- Sparkify startup requested to move song and log data into data lake.
- Extract, Transform and Load (ETL) pipeline extracts JSON data files from Amazon Simple Storage Service (S3) data storage and process them using Apache Spark on Amazon EMR, and loads the data back into a data lake hosted on S3 as partitioned Parquet files of dimensional tables.
Data for song and user activities reside in S3 as JSON files:
- Song data: s3://udacity-dend/song_data
- Log data: s3://udacity-dend/log_data
- Log data json path: s3://udacity-dend/log_json_path.json
- subset of real data from the Million Song Dataset.
- each file is in JSON format
- contains metadata about a song and the artist of that song.
- files are partitioned by the first three letters of each song's track ID.
- example of file paths to two files in song dataset.

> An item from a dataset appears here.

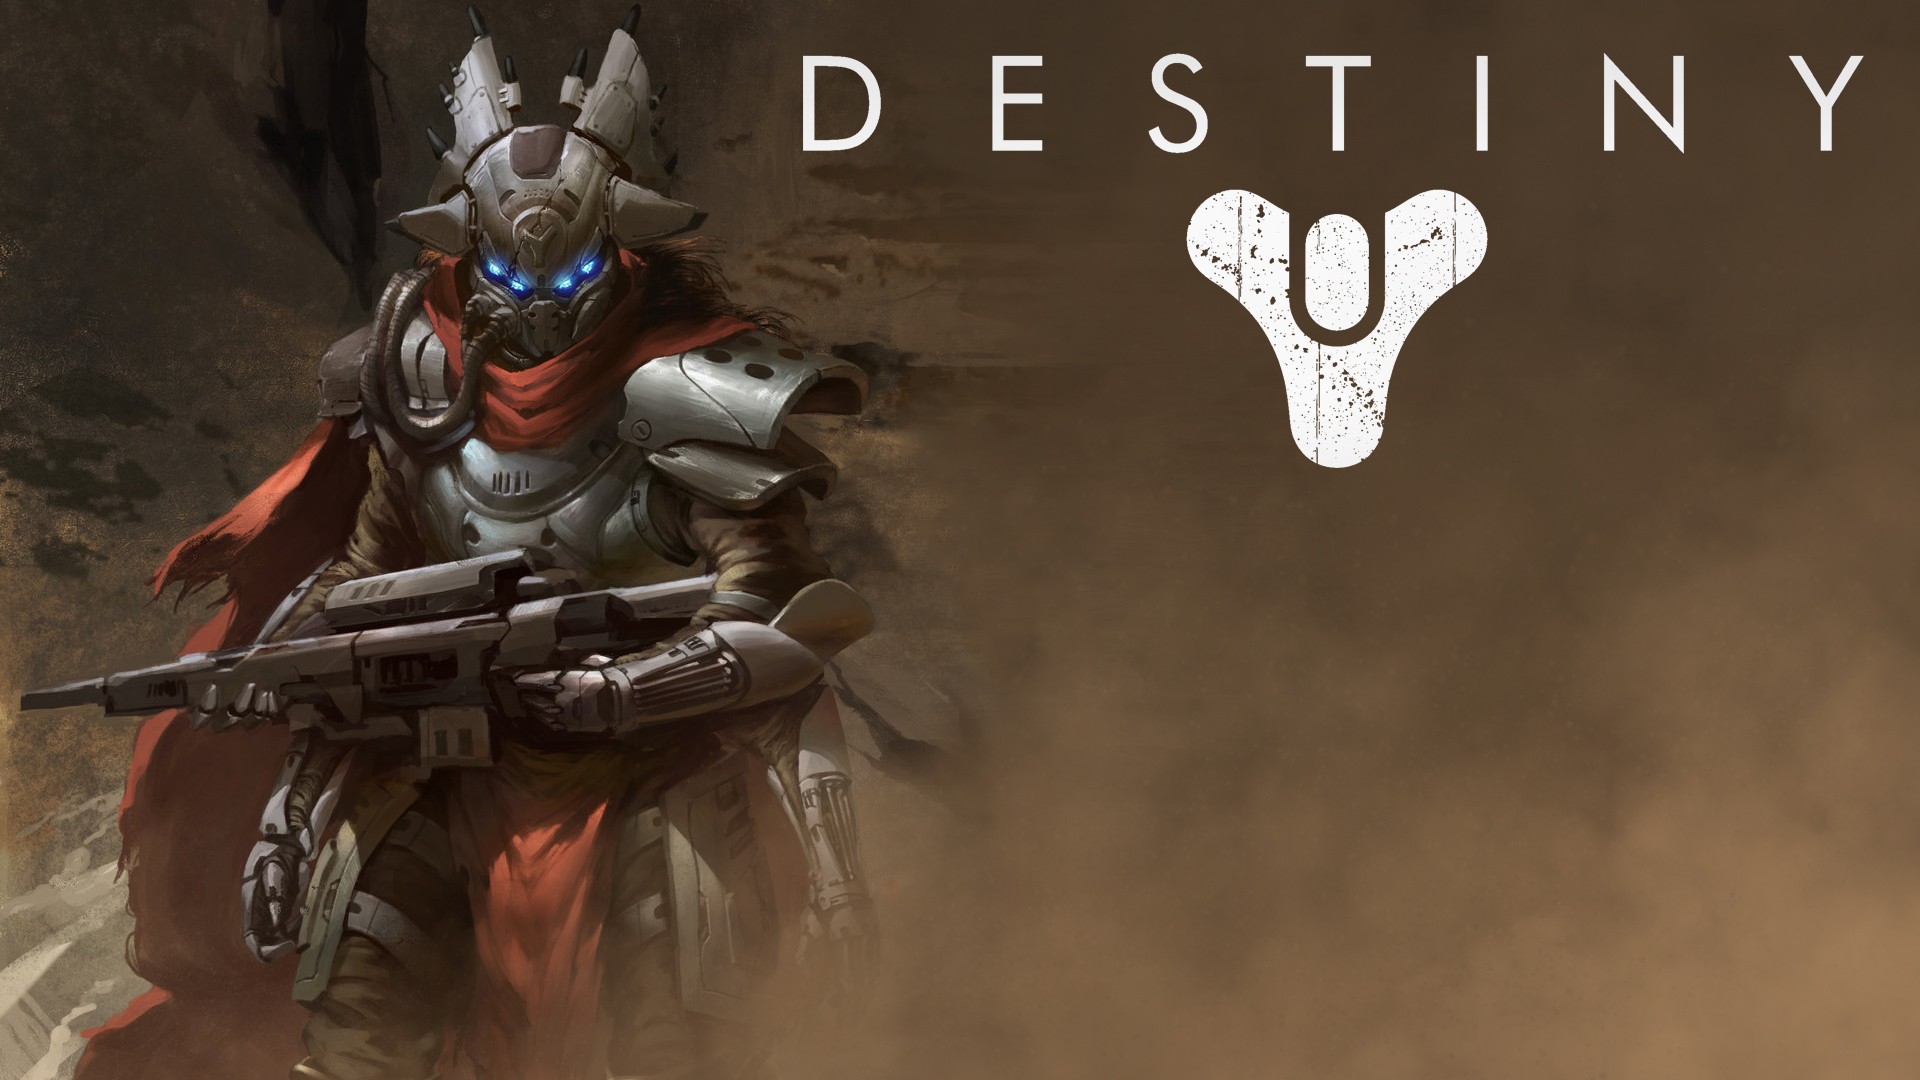 70 Awesome Destiny Wallpapers for your Computer Tablet or Phone

song_data/A/B/C/TRABCEI128F424C983.json
song_data/A/A/B/TRAABJL12903CDCF1A.json
- example of single song file, TRAABJL12903CDCF1A.json:
{"num_songs": 1,
"artist_id": "ARJIE2Y1187B994AB7",
"artist_latitude": null,
"artist_longitude": null,
"artist_location": "",
"artist_name": "Line Renaud",
"song_id": "SOUPIRU12A6D4FA1E1",
"title": "Der Kleine Dompfaff",
"duration": 152.92036,
"year": 0}
- log files in JSON format generated by event simulator based on the songs in the song dataset.
- these simulate activity logs from a music streaming app based on specified configurations.
- log files are partitioned by year and month.
- example, here are filepaths to two files in log dataset.
log_data/2018/11/2018-11-12-events.json
log_data/2018/11/2018-11-13-events.json
- example of single log file, 2018-11-12-events.json:
{"artist":null,
"auth":"Logged In",
"firstName":"Celeste",
"gender":"F",
"itemInSession":0,
"lastName":"Williams",
"length":null,
"level":"free",
"location":"Klamath Falls, OR",
"method":"GET",
"page":"Home",
"registration":1541077528796.0,
"sessionId":438,
"song":null,
"status":200,
"ts":1541990217796,
"userAgent":"\"Mozilla\/5.0 (Windows NT 6.1; WOW64) AppleWebKit\/537.36 (KHTML, like Gecko) Chrome\/37.0.2062.103 Safari\/537.36\"",
"userId":"53"}
- Star schema that contains 1 fact table (songplays) and 4 dimension tables (users, songs, artists and time)
records in log data associated with song plays i.e. records with page NextSong
Column | Type |
---|---|
songplay_id | integer |
start_time | timestamp |
user_id | string |
level | string |
song_id | string |
artist_id | string |
session_id | integer |
location | string |
user_agent | string |
year | integer |
month | integer |
- partitioned by year and month.
users in the app
Column | Type |
---|---|
user_id | string |
first_name | string |
last_name | string |
gender | string |
level | string |
songs in music database
Column | Type |
---|---|
song_id | string |
title | string |
artist_id | string |
year | integer |
duration | double |
- partitioned by: year and artist_id
artists in music database
Column | Type |
---|---|
artist_id | string |
name | string |
location | string |
latitude | double |
longitude | double |
timestamps of records in songplays broken down into specific units
Column | Type |
---|---|
start_time | timestamp |
hour | integer |
day | integer |
week | integer |
month | integer |
year | integer |
weekday | integer |
- partitioned by: year and month
- reads and processes files from S3
- loads data into the tables.
- configuration file for AWS credentials
[AWS]
AWS_ACCESS_KEY_ID=
AWS_SECRET_ACCESS_KEY=
-
setup dl.cfg file
-
launch EMR cluster
-
connect to the cluster
-
submit etl.py Spark script using YARN to process files and load data:
/usr/bin/spark-submit --master yarn etl.py